NSP NMDC 2023 National Data Report Image

Needle Syringe Program National Minimum Data Collection 10 year National Data Report 2016-2025

The Needle Syringe Program National Minimum Data Collection (NSP NMDC) supports the National Strategies for blood borne and sexually transmissible infections and complements the annual Australian Needle Syringe Program Survey National Data Report.

All eight Australian jurisdictions operate a range of NSP services targeting a variety of drug use and client populations. Despite some variation in levels of completeness and alignment, all jurisdictions provide data incorporating the following three components: NSP service type and location, non-identifiable client occasions of service, and needle syringe distribution.

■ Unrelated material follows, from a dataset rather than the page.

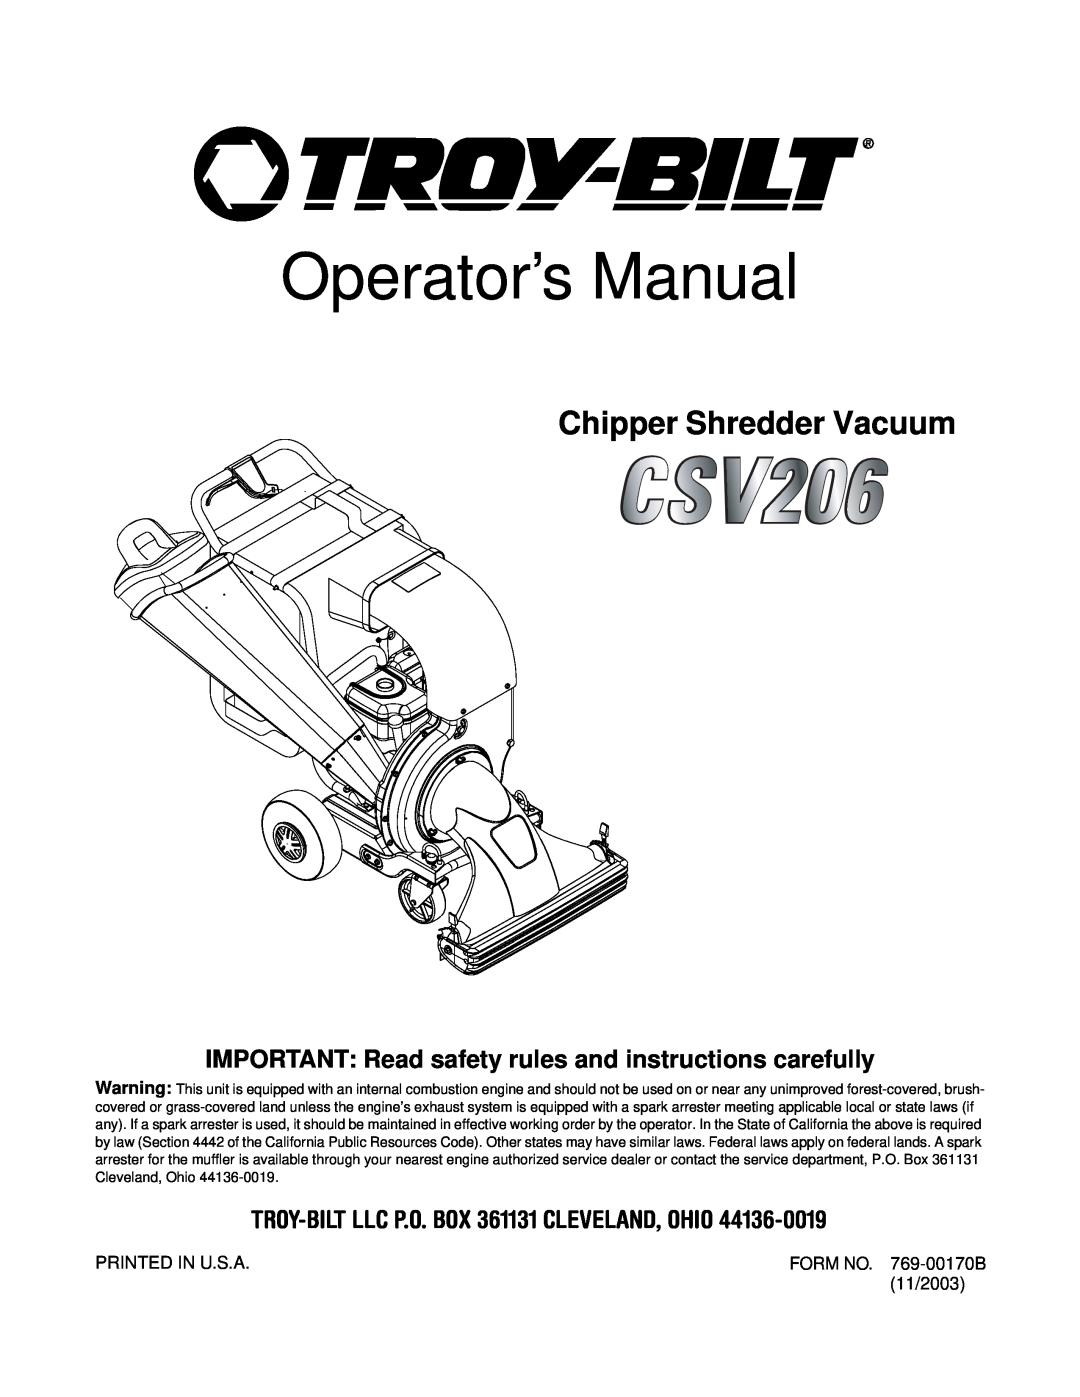 Troy-Bilt CSV206 manual Operator’s Manual, Chipper Shredder Vacuum, IMPORTANT Read safety rules and instructions carefully 
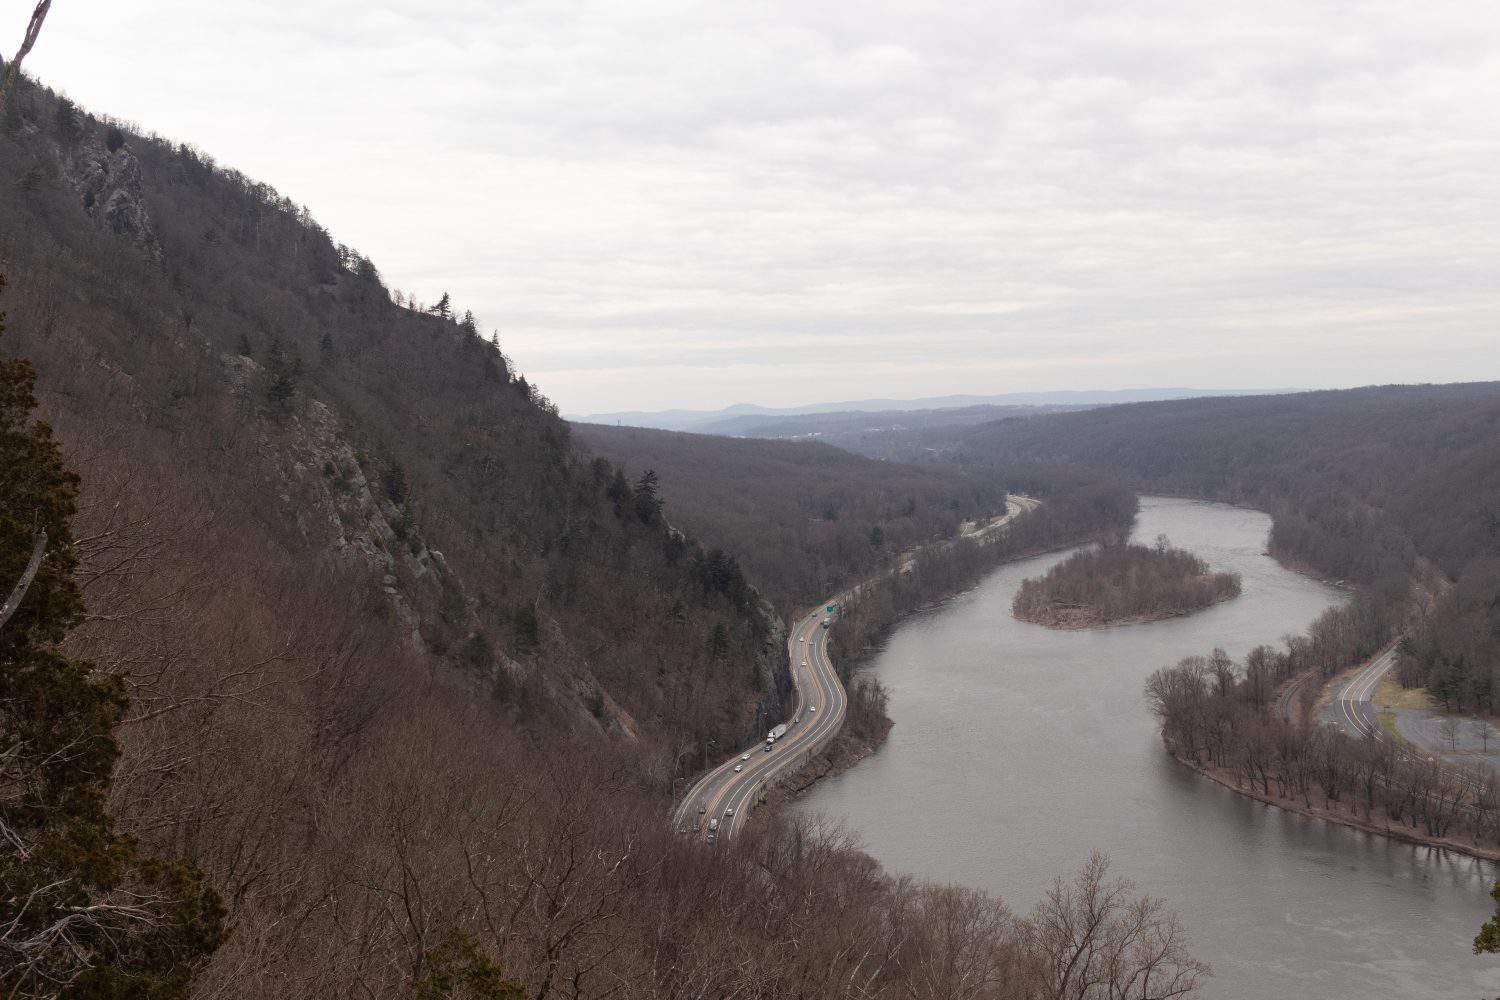 This is a picture taken at the Delaware Water Gap National Recreation Area. This is where the Delaware snakes in between New Jersey and Pennsylvania running through the Kittatinny ridge.

This is the tenth - and final under the current funding arrangement - annual national data report which presents national and state/territory NSP data over the ten-year period 2015/16 to 2024/25.

Key findings
  • Australia's network of 4,612 NSP services was comprised of 114 primary, 906 secondary and 3,134 pharmacy NSPs in 2025. These face-to-face services were supplemented by 458 syringe dispensing machines.
     
  • Based on ~1,900 NSP occasions of service (OOS) recorded at primary and secondary NSPs that participated on the snapshot day in 2025, half (51%) of NSP OOS involved provision of health education/interventions and almost one in ten (9%) involved a referral.
     
  • Three in four (72%) NSP attendees were male, three fifths (60%) were aged between 30 and 49 years, young people (aged <25 years) comprised 4% of OOS in 2025 and excluding occasions of service where Indigenous status was not reported, 25% of NSP attendees identified as Aboriginal and/or Torres Strait Islander.
     
  • Stimulants and hallucinogens (predominantly methamphetamine) were the most commonly reported drugs injected on the snapshot day in 2025 (47%), followed by analgesics (heroin, other opioids and opioid substitution therapies, 28%) and anabolic agents and selected hormones (predominantly anabolic steroids, 14%).
     
  • Australian NSPs distributed 64.4 million needles and syringes in 2024/25.
     
  • These were distributed to an estimated population of 72,441 people who inject drugs (excluding people who inject occasionally). This equates to 889 needles/syringes each per annum, exceeding the UNAIDS definition of high syringe coverage by more than four-fold. Syringe coverage (syringes per injection) remained high at 136% in 2024/25.